Available data:
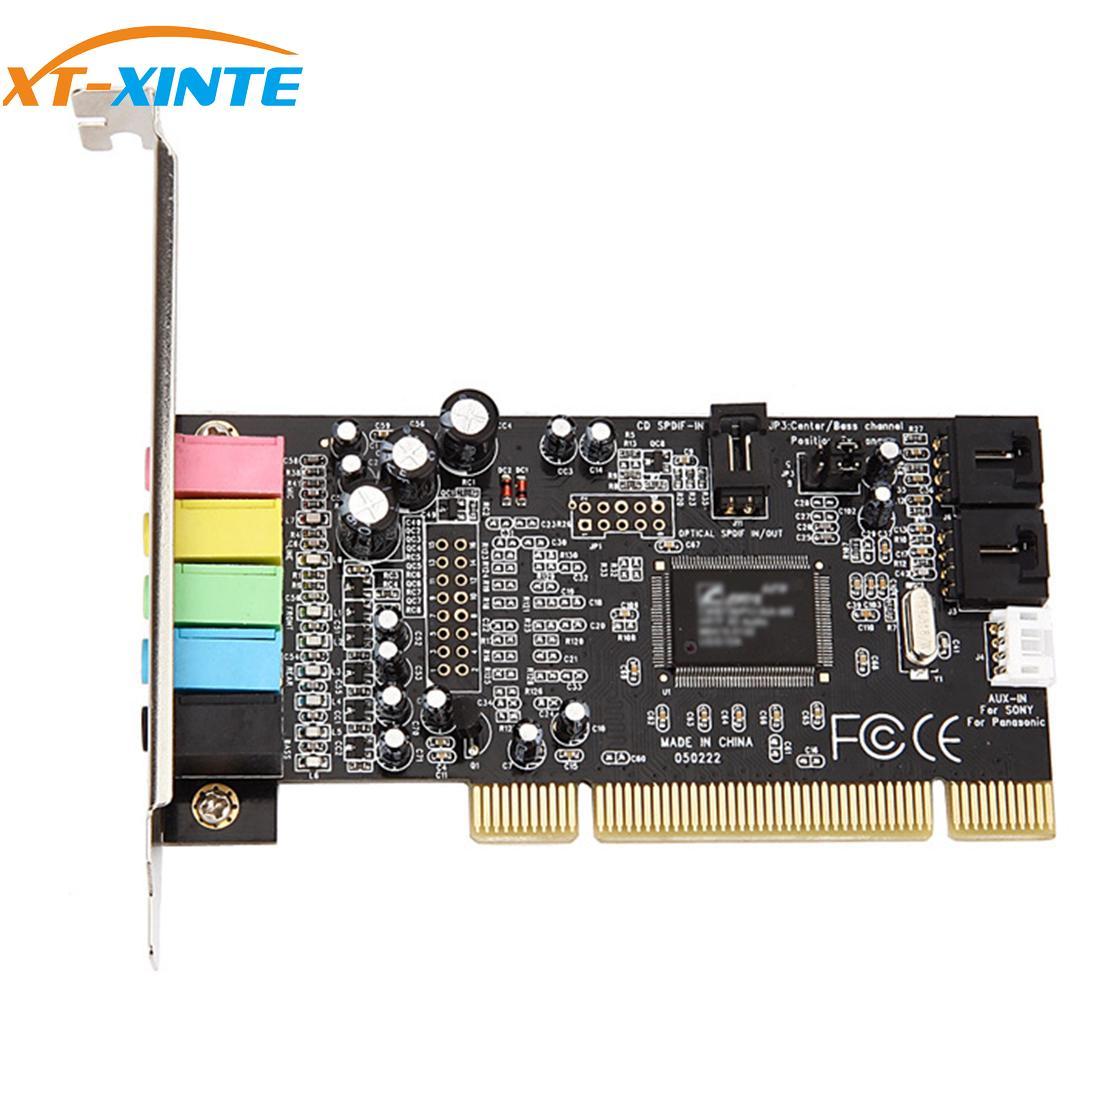 XT-XINTE PCI كارت الصوت 5.1CH 5.1 قناة CMI8738 شرائح جهاز التحكم في الصوت PCI-Express 5.1 ستيريو بطاقة رقمية سطح المكتب Soundcard
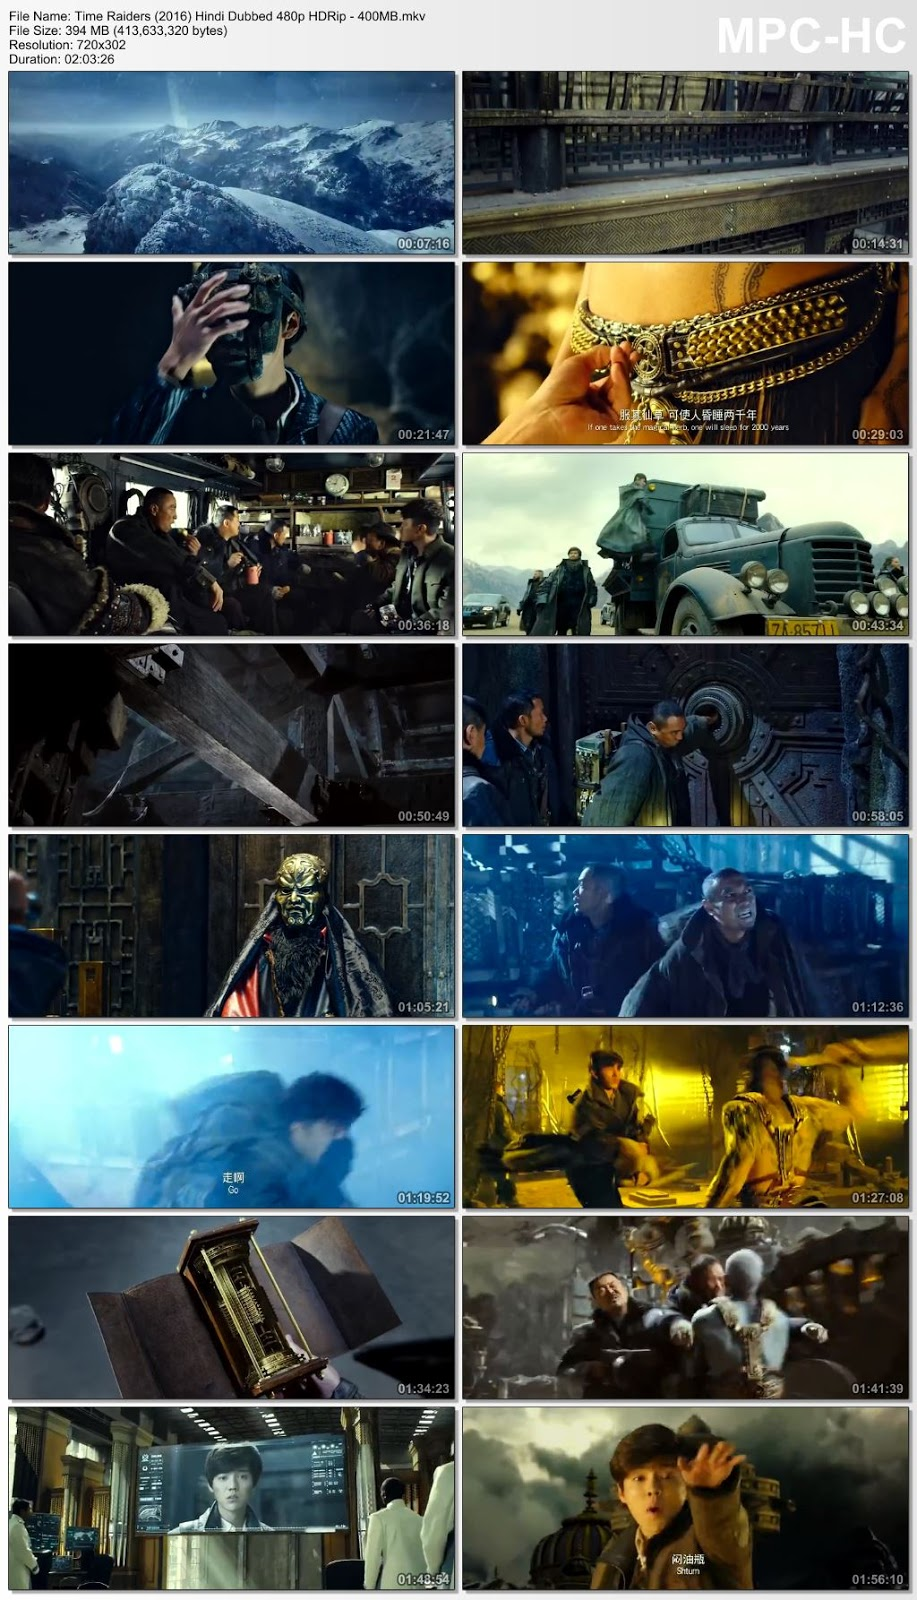 Time Raiders (2016) Hindi Dubbed 480p HDRip –  400MB Desirehub
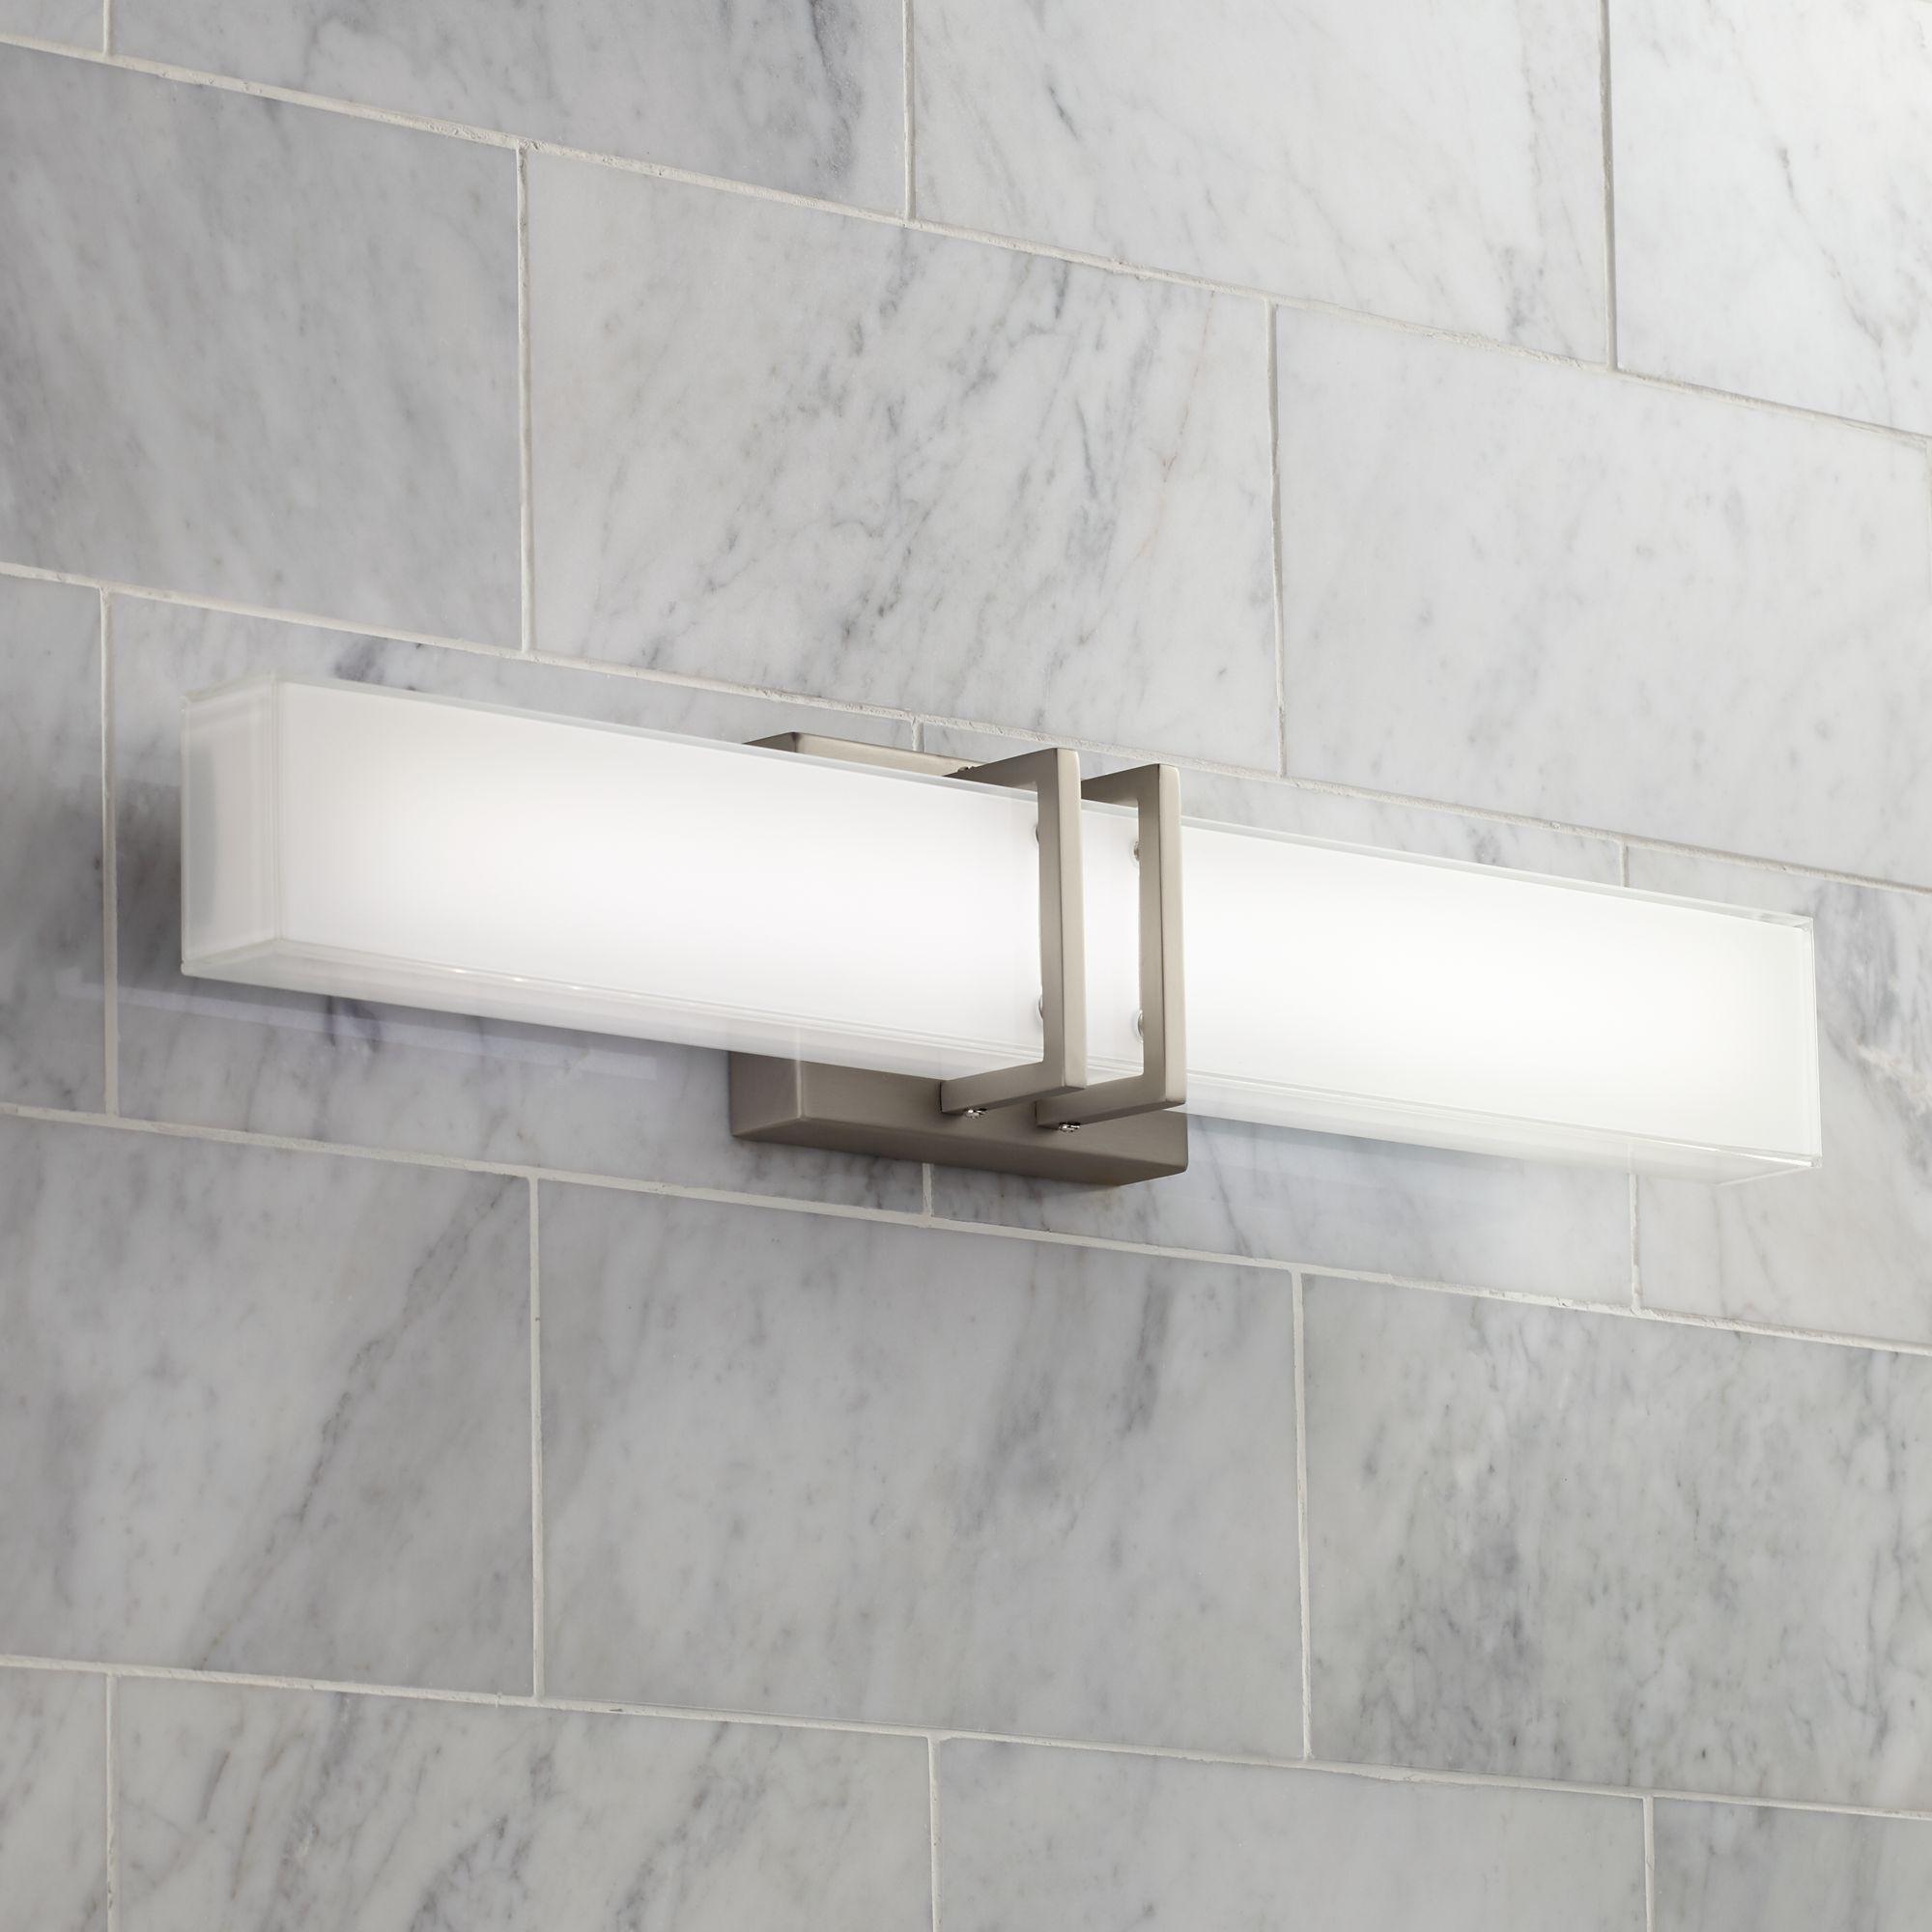 Led Bathroom Lighting possini euro exeter 24. possini euro exeter 24 EWIAIYQ

Exercise: From the first line to the last, please copy the data exactly, with the pictures left out.

Task output:
 XT-XINTE PCI كارت الصوت 5.1CH 5.1 قناة CMI8738 شرائح جهاز التحكم في الصوت PCI-Express 5.1 ستيريو بطاقة رقمية سطح المكتب Soundcard
 Time Raiders (2016) Hindi Dubbed 480p HDRip –  400MB Desirehub
 Led Bathroom Lighting possini euro exeter 24. possini euro exeter 24 EWIAIYQ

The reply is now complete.